I set up clones of Solr by copying my non-distributed Solr server bin distribution directory (with the nutch version of schema.xml, updated as described in previous posts), deleting the contents of the data directory, and running each on their own ports, like so:

1
2
3
4
5
6
7
sujit@cyclone:NutchGora$ # On one terminal
sujit@cyclone:NutchGora$ cd solr1/example
sujit@cyclone:example$ java -Djetty.port=8984 -jar start.jar
sujit@cyclone:example$ 
sujit@cyclone:NutchGora$ # On another terminal
sujit@cyclone:NutchGora$ cd solr2/example
sujit@cyclone:example$ java -Djetty.port=8985 -jar start.jar

Once you apply the batch and build the runtime, you can run the solrindexer and SolrSubpageIndexer jobs from the command line like so:

 1
 2
 3
 4
 5
 6
 7
 8
 9
10
11
12
13
14
15
16
sujit@cyclone:local$ # indexing single-solr mode to port 8983
sujit@cyclone:local$ bin/nutch solrindex http://localhost:8983/solr -all
sujit@cyclone:local$ 
sujit@cyclone:local$ # indexing distributed-solr mode to ports 8984/8985
sujit@cyclone:local$ bin/nutch solrindex 
      http://localhost:8984/solr,http://localhost:8985/solr -all
sujit@cyclone:local$ 
sujit@cyclone:local$ # indexing subpages single-solr mode to port 8983
sujit@cyclone:local$ bin/nutch \
      com.mycompany.nutch.subpageindexer.SolrSubpageIndexerJob \
      http://localhost:8983/solr -all
sujit@cyclone:local$ 
sujit@cyclone:local$ # indexing subpages distrib-solr mode to ports 8984/8985
sujit@cyclone:local$ bin/nutch \
      com.mycompany.nutch.subpageindexer.SolrSubpageIndexerJob \
      http://localhost:8984/solr,http://localhost:8985/solr -all

I have intentionally shown the commands for the single-solr indexing version to illustrate that the change is fully backward compatible, and also because I wanted to compare the search results between the non-distributed (port 8983) and distributed (ports 8984 and 8985) environments.

Search

Solr (version 3.5) which I am using supports distributed search via sharding out of the box. The Solr Distributed Search wiki page has more information about it. But to enable distributed search on a query (provided its handler is not using any of the unsupported components), is as easy as adding a shards parameter to your URL, which contains a comma-separated list of Solr servers. In my setup, my shards parameter would look like shards=localhost:8984/solr,localhost:8985/solr.

To support sharding in my Python client (described here), all I needed to do was declare my SOLR_SHARDS value and add the shards to my solrparams tuple list (around line 141), so its passed back to Solr.

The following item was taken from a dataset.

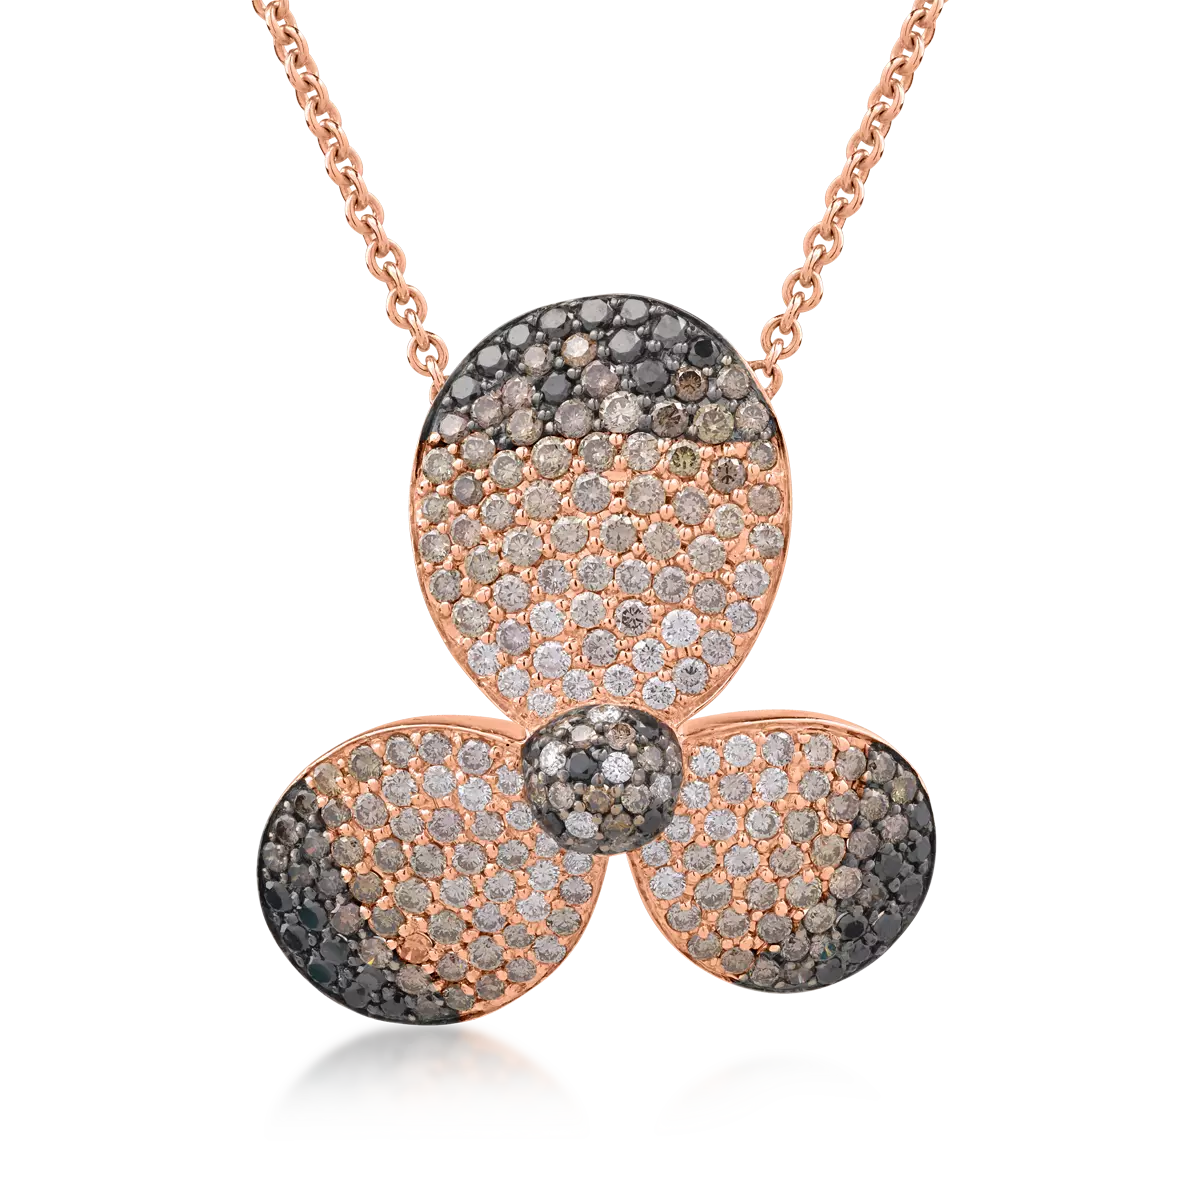 18K rose gold pendant necklace with 3.44ct colored diamonds

Also since I am pointing to (8984,8985) now, my query has to hit one of these servers instead of 8983 (hardcoded in SOLR_SERVER) so that should be changed too.

1
2
3
4
5
    SOLR_SERVER = "http://localhost:8984/solr/select"
    SOLR_SHARDS = ["localhost:8984/solr", "localhost:8985/solr"]
    ...
    # finally, add the shards parameters
    solrparams.append(tuple(["shards", ",".join(SOLR_SHARDS)]))

I set up two copies of my CherryPy based client applications, one running against the single-Solr instance on port 8983 and listening on port 8081, and another one running against the distributed Solr instances on ports 8984 and 8985 and listening on port 8082, and compared results from sending the same query to both applications. Below are some screenshots - as you can see, results are identical (which is expected, of course).

From what I see from the logs, the response handler that is invoked with the sharded query (/select on port 8984 in our case), intercepts the shards parameter and forwards the query to each shard, with the shards parameter replaced with isShard=true. Once it gets back all the responses, it joins them back and presents it back to the caller.